Молоствов (очень простой и добрый человек) принялся утешать Льва Николаевича, но перестал, видимо чувствуя, что тут дело не в утешениях.
Вечером, читая одно из написанных мною писем, с более или менее резкими, прямыми выражениями о правительстве, о церковном суеверии и т. п., Лев Николаевич проговорил:
— Ой — ой — ой! Вам за это плохо может быть. Как вы не боитесь? И матери может быть неприятно.
Я указал, что письмо закрытое.
Лев Николаевич закончил сегодня составлять общий план всех тридцати книжек из «На каждый день» [75]. Я подготовил для Льва Николаевича книжку «Соблазн тщеславия». Послал много писем и, между прочим, пять денежных пакетов на сумму шестьдесят рублей. Деньги эти посылаются Львом Николаевичем в тюрьмы его единомышленникам. Лев Николаевич посылает им рублей по пяти в месяц. Теперь посылалось за два месяца шести лицам. Помогает Лев Николаевич и родственникам некоторых из них. Происхождение этих денег таково: они составляют гонорар Льва Николаевича за представление его пьес «Власть тьмы» и «Плоды просвещения» в императорских театрах. Первоначально Лев Николаевич хотел отказаться от этого гонорара, но его предупредили, что в таком случае деньги будут употреблены на усиление и развитие казенного балета. Тогда Толстой решил не отказываться от этих «театральных» денег. Сумма гонорара достигает двух — трех тысяч рублей в год, и все эти деньги идут на помощь лицам, сидящим в тюрьмах, крестьянам — погорельцам и другим нуждающимся.

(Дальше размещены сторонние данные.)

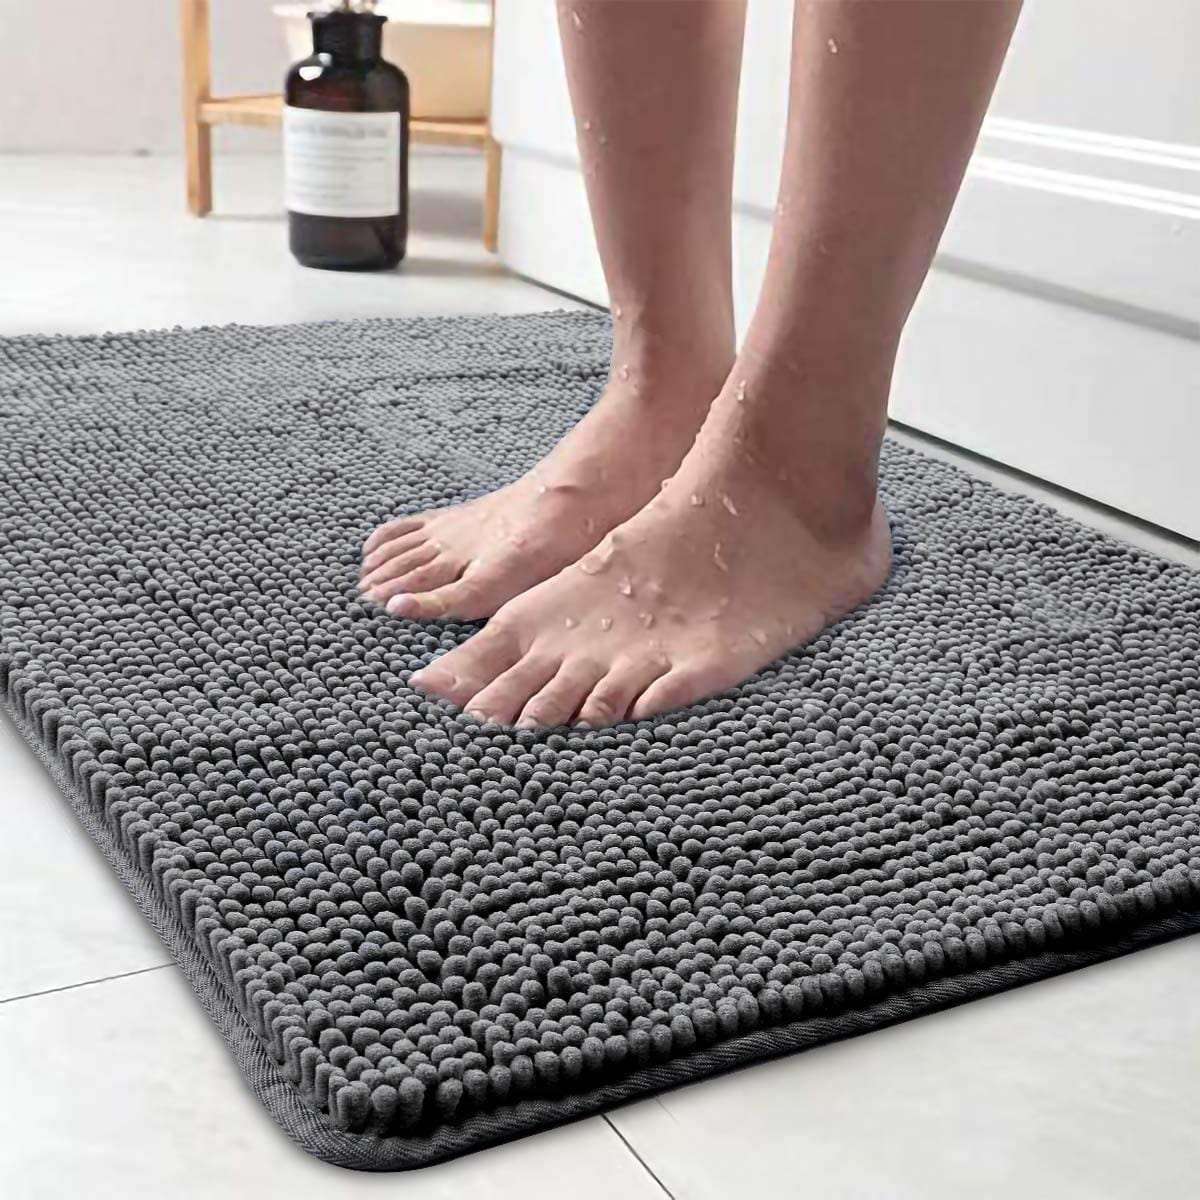 Bath mats

Утром Лев Николаевич опять показывал браминское доказательство Пифагоровой теоремы Белинькому и Молоствову. За обедом говорили о подвигах собаки — сыщика Трефа, о которых трубят московские газеты, о громком деле Тарновской, почему‑то о страховых обществах. Лев Николаевич больше, как и обыкновенно во время таких разговоров, молчал. И, только узнав, что страхование жизни возможно лишь до известного возраста, заметил:
— Наш брат, значит, совсем никуда не годится!
— Я сейчас думал, — говорил Лев Николаевич, выйдя к чаю, — о том, что все остается. И мне это так ясно представилось! Это ко всем людям одинаково относится. И все, что Таня делает, остается, потому что отражается не только на Танечке, но и на Верочке… Ильинишне.
Верочка — горничная Татьяны Львовны, выросшая в Ясной Поляне дочь И. В. Сидоркова, слуги Льва Николаевича.
Затем рассказал о письме одного учителя:
— Он пишет, что ему мешает духовенство в его деятельности. Я думаю, что дело учителя такое нужное, что его ни на какое другое нельзя променять и что можно учителю успешно работать, несмотря на противодействие духовенства.
Говорил опять о статье для Буланже, что работается ему над ней плохо, а между тем предмет ее важный и требует, чтобы статья была хорошо обработана.
Завели граммофон. Пели Михайлова и Варя Панина, играл на балалайке Трояновский.
— Плясать хочется! — воскликнул Лев Николаевич, слушая гопак в исполнении Трояновского.
Всем нравилось и пение Паниной. Я вспомнил сказанные недавно слова Льва Николаевича о цыганском пении:
— Это удивительный — цыганский жанр, и далеко не оцененный!
На Паниной остановились дольше других. Романс за романсом, очень тонко, выводил ее мощный, почти мужской голос, невольно захватывая слушателей.
Я сидел в сторонке, в конце стола, и слушал, не вступая в разговоры. Думаю, Лев Николаевич заметил, что я несколько взволнован пением, или, с его чуткостью, предположил это, потому что он вдруг поднялся, потихоньку подошел ко мне и, дружески улыбаясь, спросил:
— Не раскаиваетесь, что не стали певцом?
Я поглядел ему в глаза и ответил:
— Нет, Лев Николаевич!
Можно ли было променять на какое бы то ни было пение ту радость общения с Толстым и все, что оно давало, которыми я пользовался!..
Какой прекрасной музыкой прозвучал для меня самый вопрос Льва Николаевича, до такой степени растрогавший меня, что я едва был в состоянии удержать готовые брызнуть слезы!..
Музыка прекратилась. Начались разговоры о достоинствах и недостатках граммофона и вообще механических музыкальных инструментов. Лев Николаевич стал хвалить самоиграющее пианино «Миньон», передающее игру пианистов механически. Он слышал его в Москве.